Portrait of Teresinha Soares

The Brazilian artist Teresinha Soares was born in 1927 in Araxá, in the state of Minas Gerais. Soares dedicated herself first to writing and acting, activities she has never completely abandoned. In 1965 she began her visual arts training in Belo Horizonte at the Universidade Mineira de Artes. The next year she took classes in composition with Fayga Ostrower (1920–2001) and in metal engraving with José Ronaldo Lima (b. 1939) at the Universidade Federal de Minas Gerais. In 1966 Soares moved to Rio de Janeiro, where she studied at the Museu de Arte Moderna with the artists Ivan Serpa (1923– 1973), Rubens Gerchman (1942–2008), and Anna Maria Maiolino (b. 1942).

The bright colors and bold shapes of Soares's two- and three-dimensional pieces connect the artist with pop art and Brazilian new figuration. Although she actively created artworks only between 1965 and 1976, Soares left an indelible mark on the Brazilian art scene. Her career coincided with the early years of military rule in Brazil, and she often used humor and eroticism as strategies to defy conservatism and censorship. This is evident, for example, in Caixa de fazer amor (Lovemaking box, 1967) and Camas (Beds, 1970). Both pieces were open to participation by the public, an important aspect of her production. In 1970 she created the artist's book Eurótica, a collection of line drawings showing an unrestrained female view of sex and desire, whose title plays with the words eu (I) and erótica.

During the 1970s Soares also created groundbreaking installations and performances, such as the multimedia piece Corpo a Corpo in Cor-pus Meus (Body to body in color-pus of mine), one of her best-known works.

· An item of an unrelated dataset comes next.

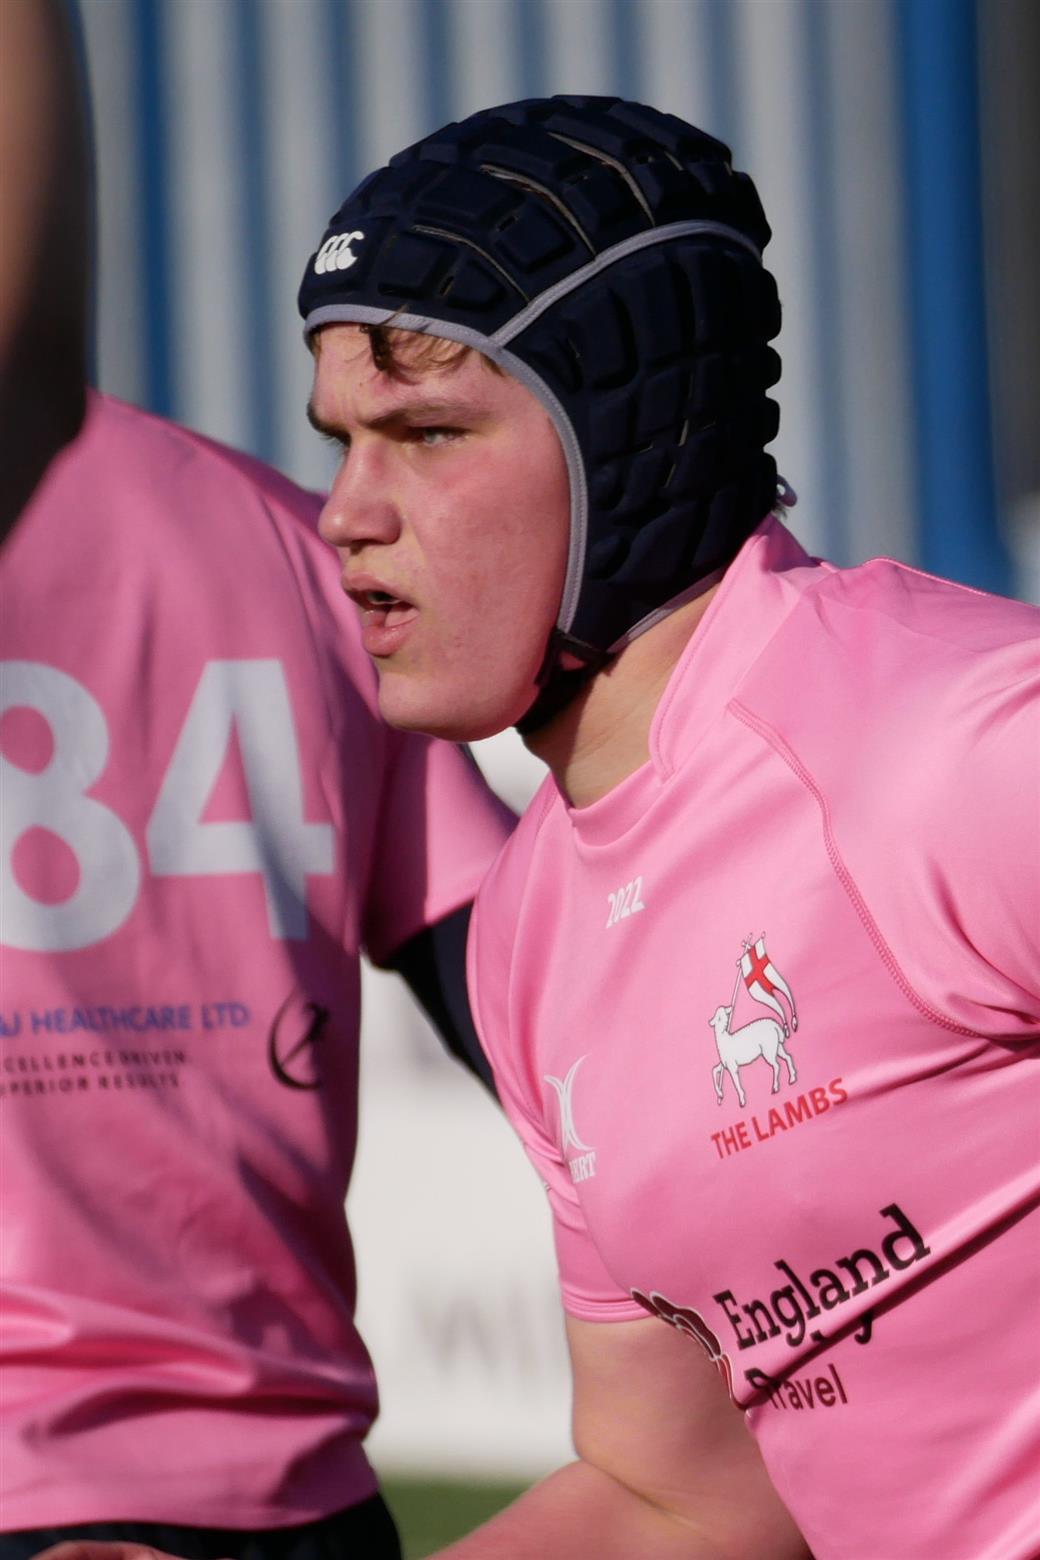 Talented Year 13 student Toby represents The Lambs RFC

Presented at the 2nd Salão Nacional in Belo Horizonte in 1970, the piece combined performance, installation, poetry, and dance and made explicit references to sexuality. In the performance Morte (Death, 1973), the second part of the trilogy Túmulos (Graves), she enacted her own death, complete with the arrival of an ambulance to the opening of the Salão Nacional de Arte Moderna in Rio de Janeiro. Soares's daring work attracted much criticism from the conservative Brazilian establishment, and she was repeatedly attacked in print.

Her first exhibition was held in 1967, at Galeria Guignard in Belo Horizonte, and she has participated in important group shows, for example, the Bienal de São Paulo (1967, 1971); Neovanguardas (2007), Museu de Arte da Pampulha, Belo Horizonte; and The World Goes Pop (2015), Tate Modern, London. Among her many accolades, Soares received second grand prize for painting at the Salão Municipal de Belas Artes in Belo Horizonte (1968); the acquisition prize at the 3rd Salão Nacional de Arte (1971), organized by the Museu de Arte da Pampulha; and the Jury Exemption Award at the Salão Nacional de Arte Moderna (1973) in Rio de Janeiro.

—Mariana von Hartenthal

Selected Solo Exhibitions

1967 Teresinha Soares caixas e óleos, Galeria Guignard, Belo Horizonte, Brazil

1969 Teresinha Soares, Museu Dona Beja, Araxá, Brazil

1971 Teresinha Soares, Petite Galerie, Rio de Janeiro

2010 Teresinha Soares, Galeria Livroobjeto, Belo Horizonte, Brazil

2017 Quem tem medo de Teresinha Soares?, Museu de Arte de São Paulo

Selected Bibliography

Gotti, Sofia. "Eroticism, Humour and Graves: A Conversation with Teresinha Soares." N. Paradoxa 36 (July 2015): 67–73.

———. "A Pantagruelian Pop: Teresinha Soares's 'Erotic Art of Contestation.'" Tate Papers, no. 24 (Fall 2015): 1–13.

Morgan, Jessica, and Flavia Frigeri, eds. The World Goes Pop. New Haven, CT: Yale University Press, 2015.

Ribeiro, Marília Andrés, and Fernando Pedro da Silva. Teresinha Soares: Depoimento. Belo Horizonte, Brazil: C/Arte, 2011.

Ribeiro, Marília Andrés, and Teresinha Soares. "'Fiz do meu corpo a minha própria arte': Entrevista—Teresinha Soares." Revista UFMG 19 (January–December 2012): 130–39.